The actual history of the Second Amendment is quite different from the fantasy versions advanced by Scalia and Alito. As the late Justice John Paul Stevens, joined by three of his colleagues, wrote for the minority in Heller:
“The Second Amendment was adopted to protect the right of the people of each of the several States to maintain a well-regulated militia. It was a response to concerns raised during the ratification of the Constitution that the power of Congress to disarm the state militias and create a national standing army posed an intolerable threat to the sovereignty of the several States. Neither the text of the Amendment nor the arguments advanced by its proponents evidenced the slightest interest in limiting any legislature’s authority to regulate private civilian uses of firearms.”
Although Heller and McDonald were the products of extreme rightwing judicial activism, they were technically limited in scope, as they dealt with the right to keep guns in the home.
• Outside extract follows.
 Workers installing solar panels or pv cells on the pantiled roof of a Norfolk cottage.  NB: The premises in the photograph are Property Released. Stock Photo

Ever since those cases were decided, however, the gun lobby has worked to bring a new test case to the Supreme Court to extend the right to bear arms beyond the home.
The lobby has finally found its vehicle in a new case--New York State Pistol Association v. Bruen-- that will be decided by the end of June, when the court completes its current term.
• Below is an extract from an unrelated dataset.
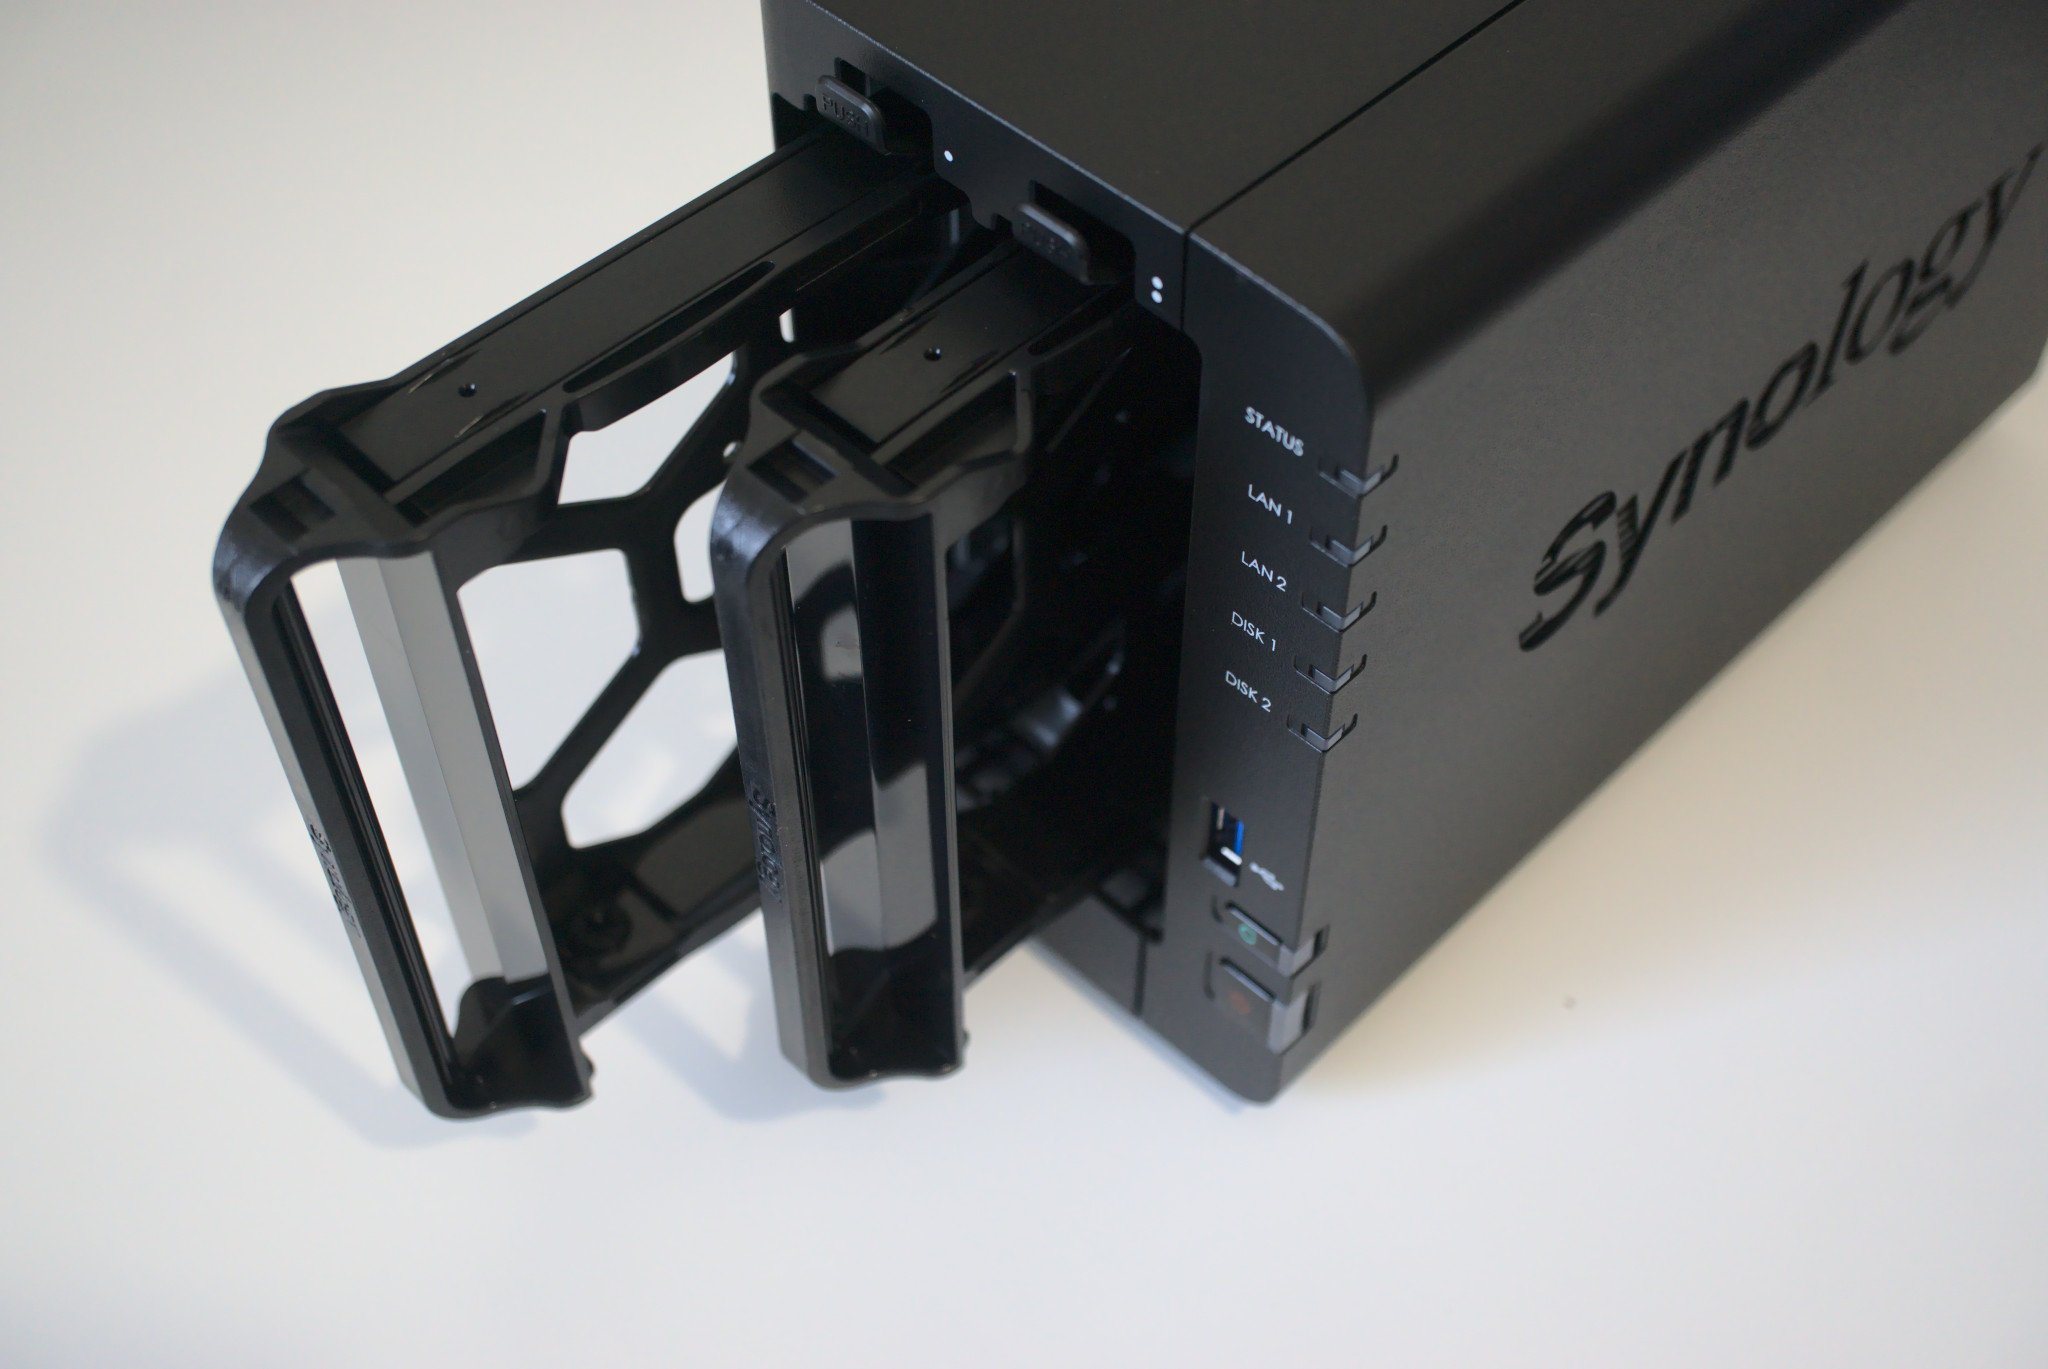 Synology DiskStation DS220+ review: The new best value NAS for

Bruen was brought by two individuals and the state affiliate of the National Rifle Association to overturn a New York law that places limits on the issuance of concealed weapons permits to carry guns outside the home. Under New York’s regulatory scheme, people seeking such permits are required to demonstrate a special need for protection — “proper cause” in the words of the statute—to qualify. The NRA contends the law is unconstitutional.
After losing in the lower courts, the Bruen plaintiffs appealed to the Supreme Court, where they are likely to prevail. With the addition of three Trump appointees—Neil Gorsuch, Brett Kavanaugh, and Amy Coney Barrett—conservatives now hold a solid 6-3 majority on the bench. No longer constrained by the need for caution and compromise, they are set to dramatically extend gun rights under the Second Amendment.
Originalism was front and center during the oral arguments the court heard in the case last November.
During the arguments, the Justices paid scant attention to the dire consequences of unleashing more guns on the streets and subways of present-day New York City. They instead peppered the attorneys for both sides with questions about the origins under Anglo-American law of the right to carry arms in public places. At several points in the two-hour session, the attorneys were asked to share their thoughts on whether the Statute of Northampton, an act of the English Parliament passed in 1328, banned the carrying of weapons other than by the king’s servants in fairs and markets.
The questioning would have made for an amusing Saturday Night Live or Monty Python skit, but this was no stand-up bit. Commenting on the oral arguments, Professor Cornell told the BBC it was “beyond ironic” that anyone would look to Medieval England for resolution of the case. "It just doesn't make any sense whatsoever to anyone who really understands the complexity of English history. Obviously, that doesn't include many people in the gun rights community or many people sitting on some courts in America."
Should the New York statute be declared unconstitutional, similar measures in California, New Jersey, Delaware, Hawaii, Maryland, Massachusetts, Connecticut, and elsewhere will likely fall, with dire and deadly consequences for public safety. Worse still, depending on the scope of the court's ruling, other gun-control laws on background checks and the sale of assault weapons and high-capacity magazines could become vulnerable to constitutional challenges.
The gun homicide rate in the United States is nearly eight times higher than the rate in Canada, and a whopping 100 times higher than in Britain. This year is shaping up to be particularly horrific. As of May 30, the United States had recorded 17,817 deaths from firearms, counting both suicides and unlawful killings, according to the Washington, D.C.-based Gun Violence Archive. We also had recorded 228 mass shootings (defined as an event involving four or more victims).
In any sane democracy, one might expect the highest court in the land to step in and do something to uphold sensible gun-control regulations when given the opportunity. But in fact, our Supreme Court is poised to do just the opposite. Keep that in mind when the next mass shooting inevitably occurs, perhaps in a neighborhood close to your own.